ORIGINAL

Presencia de Spiroplasma penaei en plancton, bentos y fauna acompañante en fincas camaroneras de Colombia

Presence of Spiroplasma penaei in plankton, benthos and fauna in shrimps farms of Colombia

José Altamiranda M,¹ Acuicultor, Marcela Salazar V,¹ M.D, Boris Briñez R,^1,2* M.Sc.

¹Centro de Investigaciones para la Acuacultura de Colombia (Ceniacua), Cra 9 C No. 114-60, Bogotá, Colombia.
²Universidad Estatal de Campinas - UNICAMP, Departmento de Genética, Evolución y Bioagentes. Instituto de Biologia, Brazil.

^*Correspondencia: borisbrinez@hotmail.com.

Recibido: Junio de 2010; Aceptado: Febrero de 2011.

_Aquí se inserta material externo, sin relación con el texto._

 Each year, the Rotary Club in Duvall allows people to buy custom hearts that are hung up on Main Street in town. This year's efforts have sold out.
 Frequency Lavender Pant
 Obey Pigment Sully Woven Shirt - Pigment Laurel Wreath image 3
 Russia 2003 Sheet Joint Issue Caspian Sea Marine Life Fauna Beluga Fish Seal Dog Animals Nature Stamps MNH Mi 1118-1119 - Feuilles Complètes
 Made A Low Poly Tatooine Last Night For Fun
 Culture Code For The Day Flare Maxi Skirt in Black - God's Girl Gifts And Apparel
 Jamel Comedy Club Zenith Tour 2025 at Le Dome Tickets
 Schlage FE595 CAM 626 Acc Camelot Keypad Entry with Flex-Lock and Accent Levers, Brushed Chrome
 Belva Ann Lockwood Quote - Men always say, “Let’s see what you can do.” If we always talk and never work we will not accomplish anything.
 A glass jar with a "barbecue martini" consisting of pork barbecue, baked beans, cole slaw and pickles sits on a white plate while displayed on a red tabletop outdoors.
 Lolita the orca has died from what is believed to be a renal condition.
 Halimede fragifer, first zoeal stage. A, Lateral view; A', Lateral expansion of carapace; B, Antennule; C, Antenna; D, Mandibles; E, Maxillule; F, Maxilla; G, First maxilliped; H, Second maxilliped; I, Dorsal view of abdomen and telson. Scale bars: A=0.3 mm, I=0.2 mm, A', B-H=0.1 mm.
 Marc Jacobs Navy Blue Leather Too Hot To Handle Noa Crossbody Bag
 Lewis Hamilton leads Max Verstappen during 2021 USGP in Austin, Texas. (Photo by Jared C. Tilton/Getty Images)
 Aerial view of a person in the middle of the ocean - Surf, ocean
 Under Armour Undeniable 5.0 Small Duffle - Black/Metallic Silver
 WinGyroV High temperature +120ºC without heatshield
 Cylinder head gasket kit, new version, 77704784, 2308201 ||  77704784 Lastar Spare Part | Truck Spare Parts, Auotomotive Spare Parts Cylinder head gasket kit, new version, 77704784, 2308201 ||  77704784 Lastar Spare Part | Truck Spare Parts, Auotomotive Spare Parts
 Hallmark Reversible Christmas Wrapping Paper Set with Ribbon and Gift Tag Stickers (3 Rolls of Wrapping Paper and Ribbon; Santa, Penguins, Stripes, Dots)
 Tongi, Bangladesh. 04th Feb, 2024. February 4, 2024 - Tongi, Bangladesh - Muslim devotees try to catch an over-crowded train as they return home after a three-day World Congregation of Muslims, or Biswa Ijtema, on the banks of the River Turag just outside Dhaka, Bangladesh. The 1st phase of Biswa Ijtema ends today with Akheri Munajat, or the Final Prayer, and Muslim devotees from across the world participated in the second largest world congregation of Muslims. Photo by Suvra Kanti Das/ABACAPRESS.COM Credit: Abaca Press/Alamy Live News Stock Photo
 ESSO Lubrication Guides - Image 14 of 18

Objetivo. Determinar la presencia de Spiroplasma penaei en el plancton, bentos y fauna acompañante en 2 fincas comerciales de camarones. Materiales y métodos. Fueron colectadas 200 muestras para identificación de lesiones características de Spiroplasma, a través de la técnica de histología, mientras que para la técnica de PCR se tomaron 326 muestras de plancton, bentos y fauna acompañante. Las muestras colectadas fueron preservadas en tubos estériles con etanol al 95% para análisis de PCR y en solución Davidson para análisis histológicos. Resultados. En los muestreos realizados en las dos fincas camaroneras fue detectada la presencia de Spiroplasma en una muestra de un representante de los dípteros (mosca de agua) a través de la técnica de PCR en tiempo real, el cual arrojo una Tm=84, similar a la del control positivo de Spiroplasma utilizado. Esta muestra fue secuenciada y comparada con secuencias de bacterias almacenadas en el banco de datos GenBank usando el algoritmo BLAST, encontrando 100% de homología con un fragmento de los genes ribosomales 16S de la bacteria Spiroplasma penaei. Conclusiones. La mosca de agua es portadora de Spiroplasma penaei, sin embargo no se puede afirmar que este organismo sea el transmisor de la infección, por lo que se recomienda realizar ensayos de tipo experimental con moscas de agua infectadas con Spiroplasma penaei, en camarones libres de patógenos, para evaluar si en realidad es el vector de infección.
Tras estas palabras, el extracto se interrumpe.